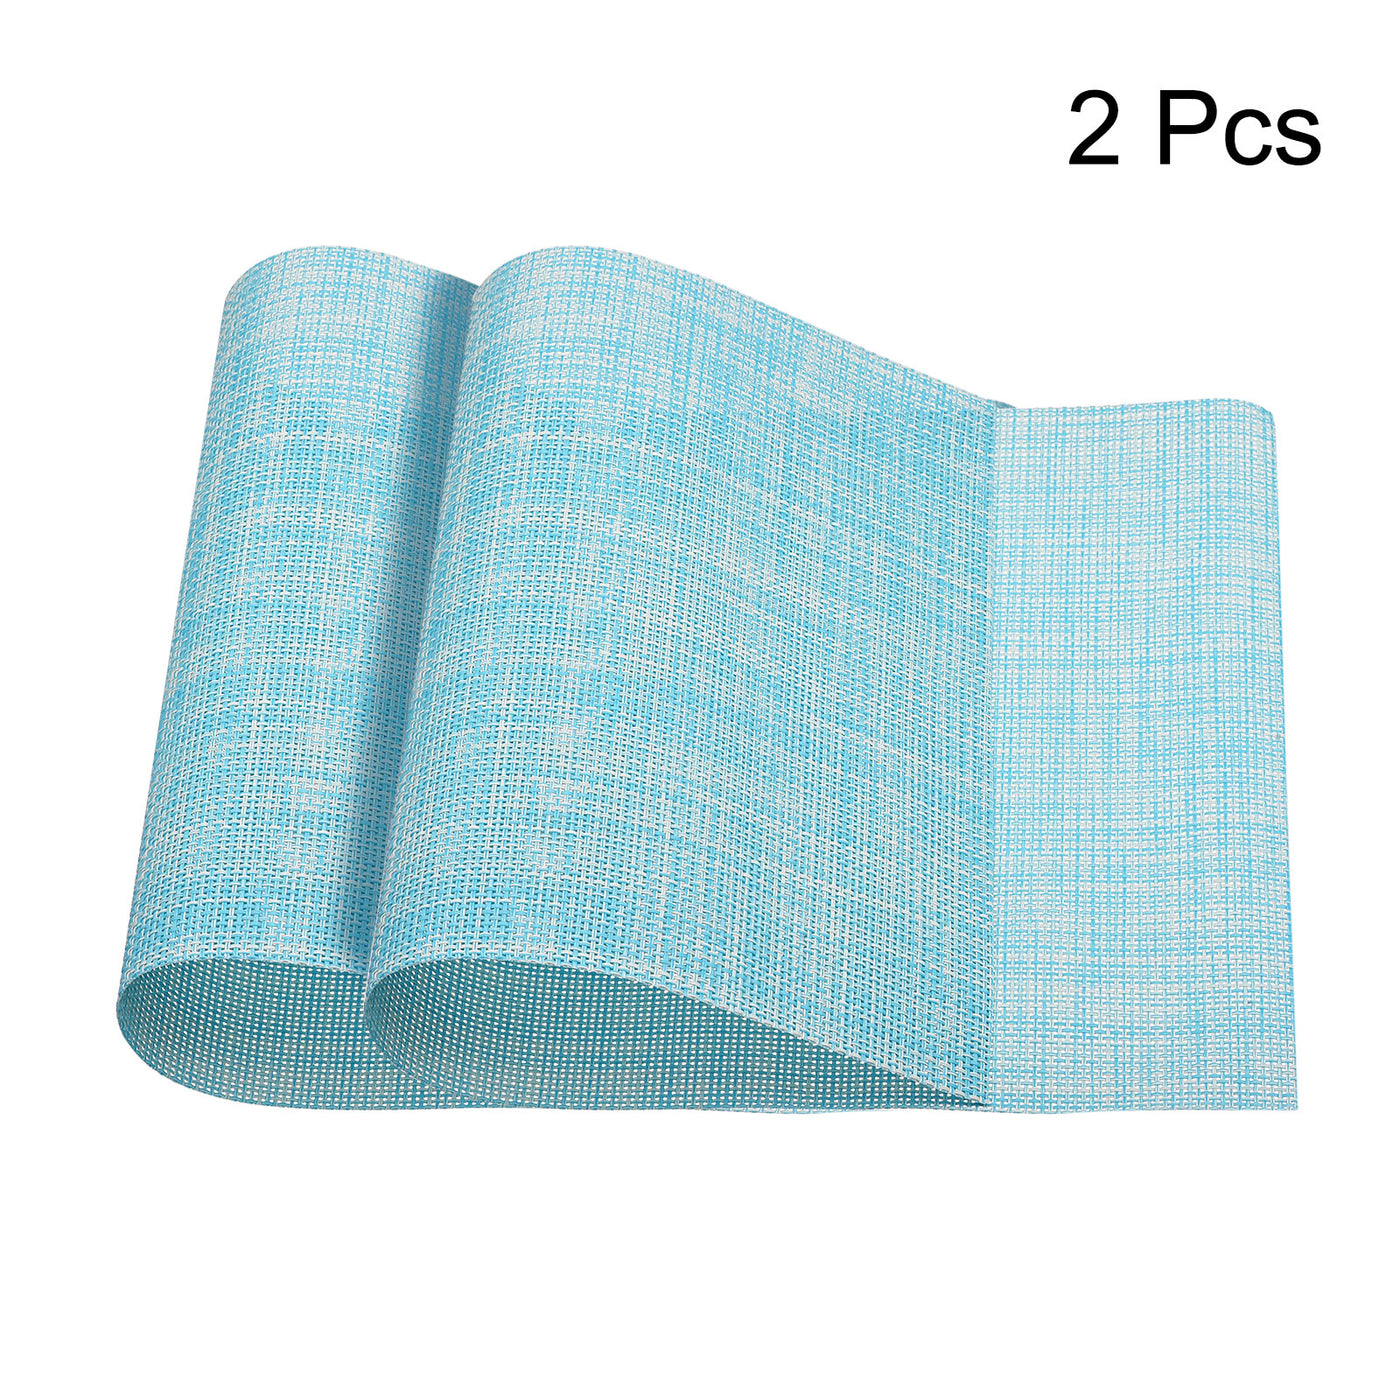 uxcell Uxcell Place Mats, 450x300mm Table Mats Set of 2 PVC Washable Woven Placemat Blue
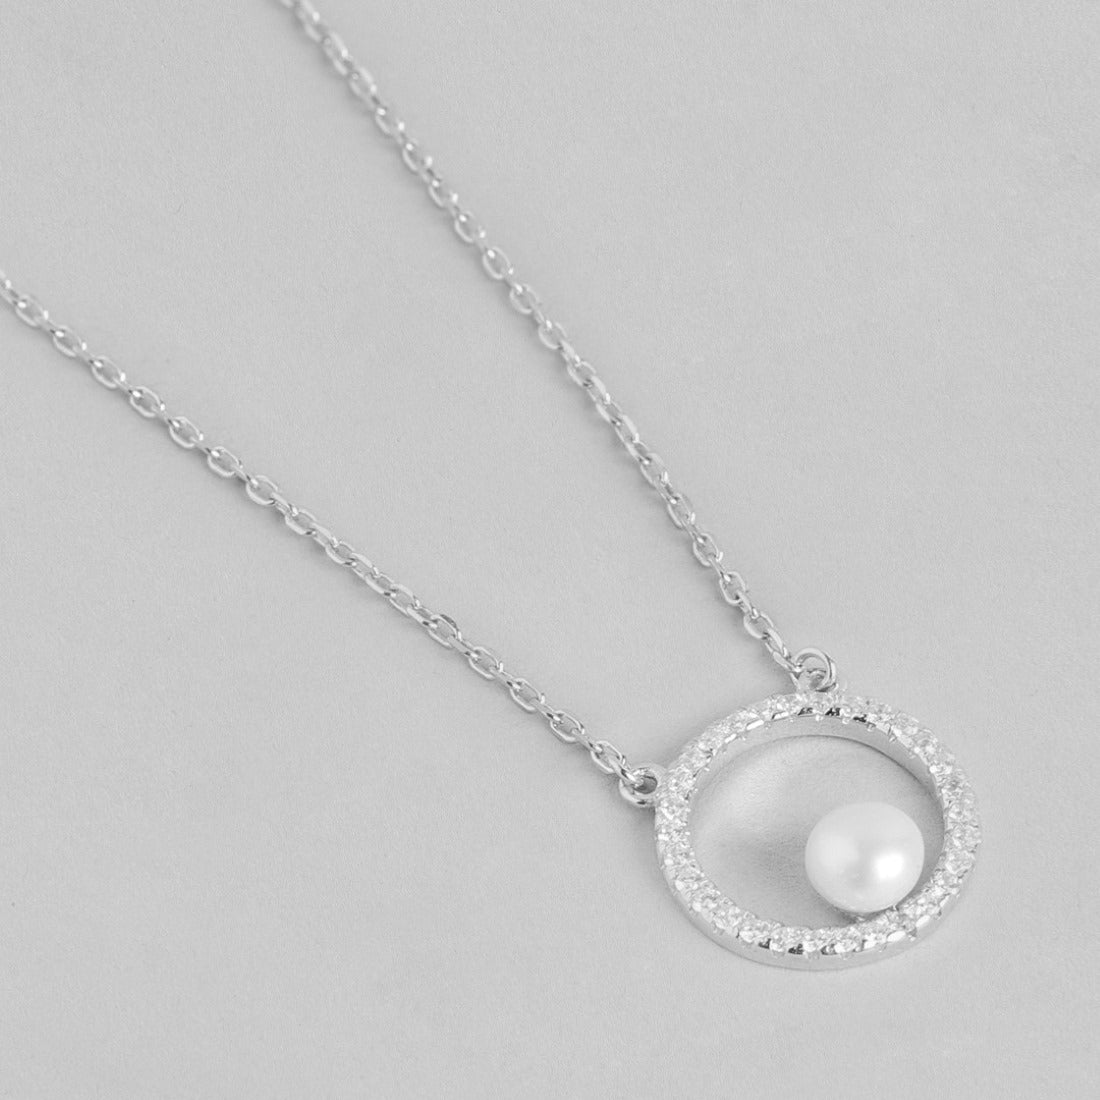 Circular Radiance Pearl Rose Gold-Plated 925 Sterling Silver Necklace
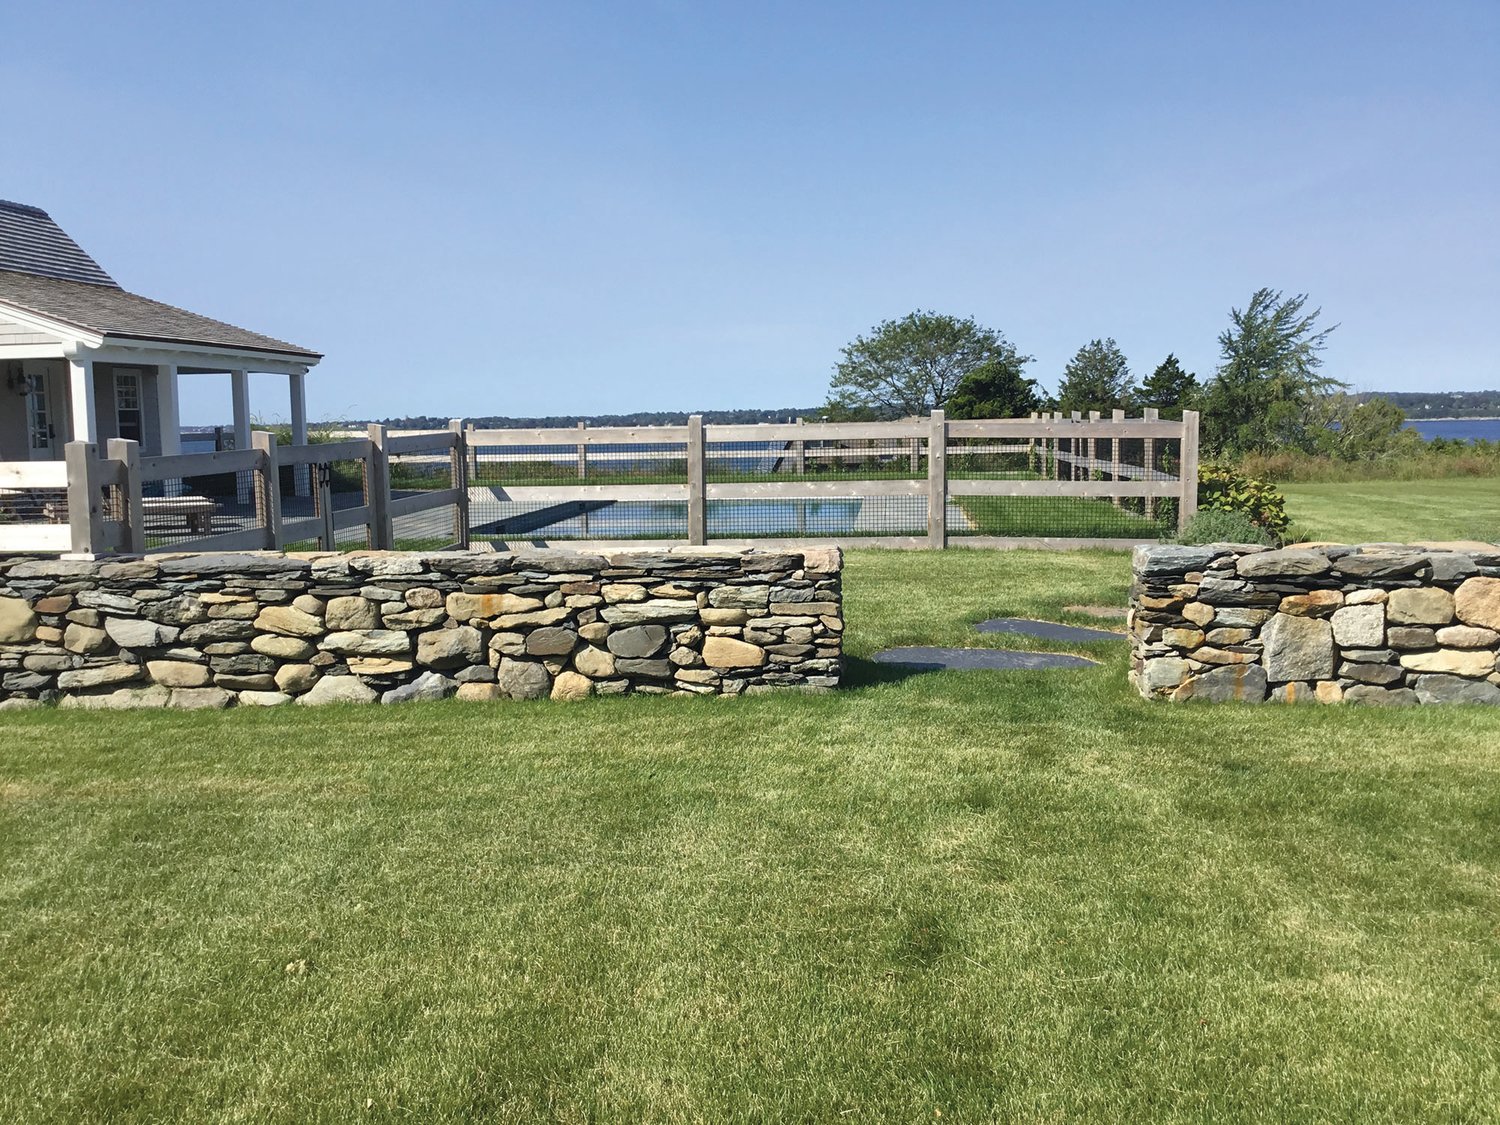 The new stone wall encircles an area of the property featuring a newly constructed barn, pool house and pool. Seen here, the wall under construction, and the finished product, with views out over the Sakonnet River.
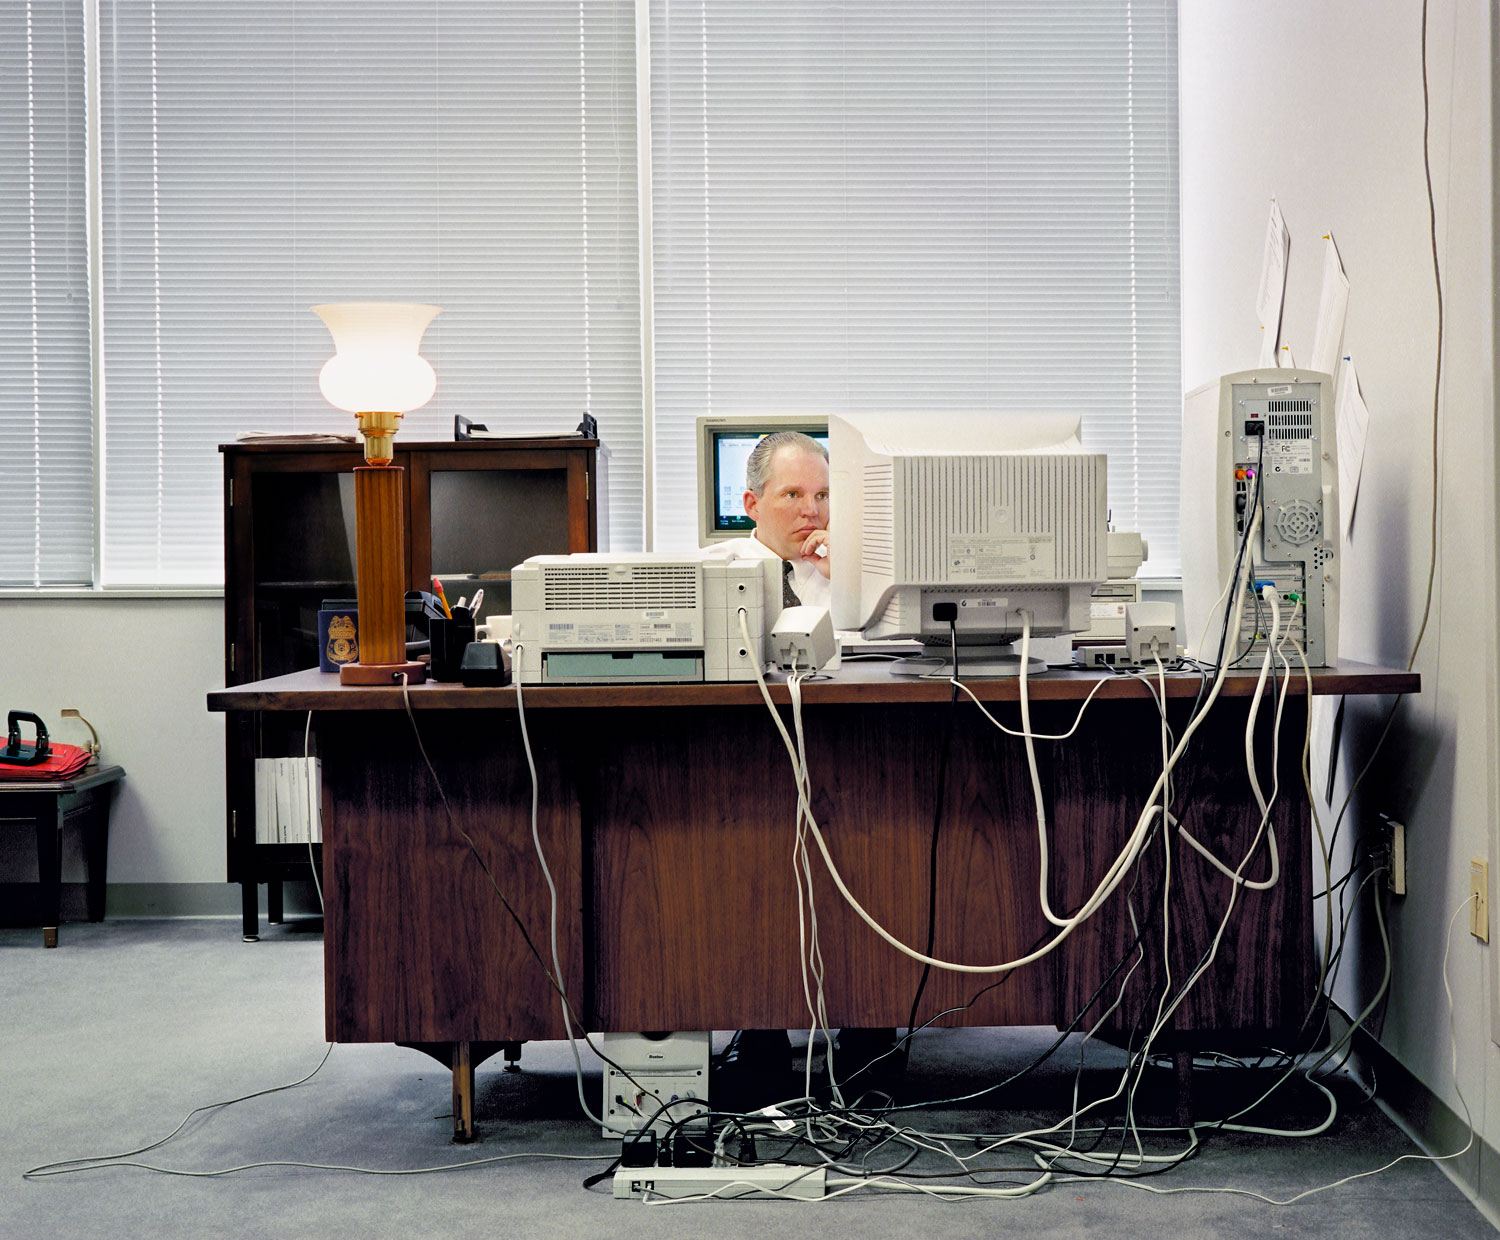 Photos of 90s offices show how much, and how little, has changed

*-*-*

Copy word for word only the lines above from the one with "Circular Radiance Pearl" through the one with "The new stone". Leave pictures out.

**EXERCISE OUTPUT**
 Circular Radiance Pearl Rose Gold-Plated 925 Sterling Silver Necklace
 The new stone wall encircles an area of the property featuring a newly constructed barn, pool house and pool. Seen here, the wall under construction, and the finished product, with views out over the Sakonnet River.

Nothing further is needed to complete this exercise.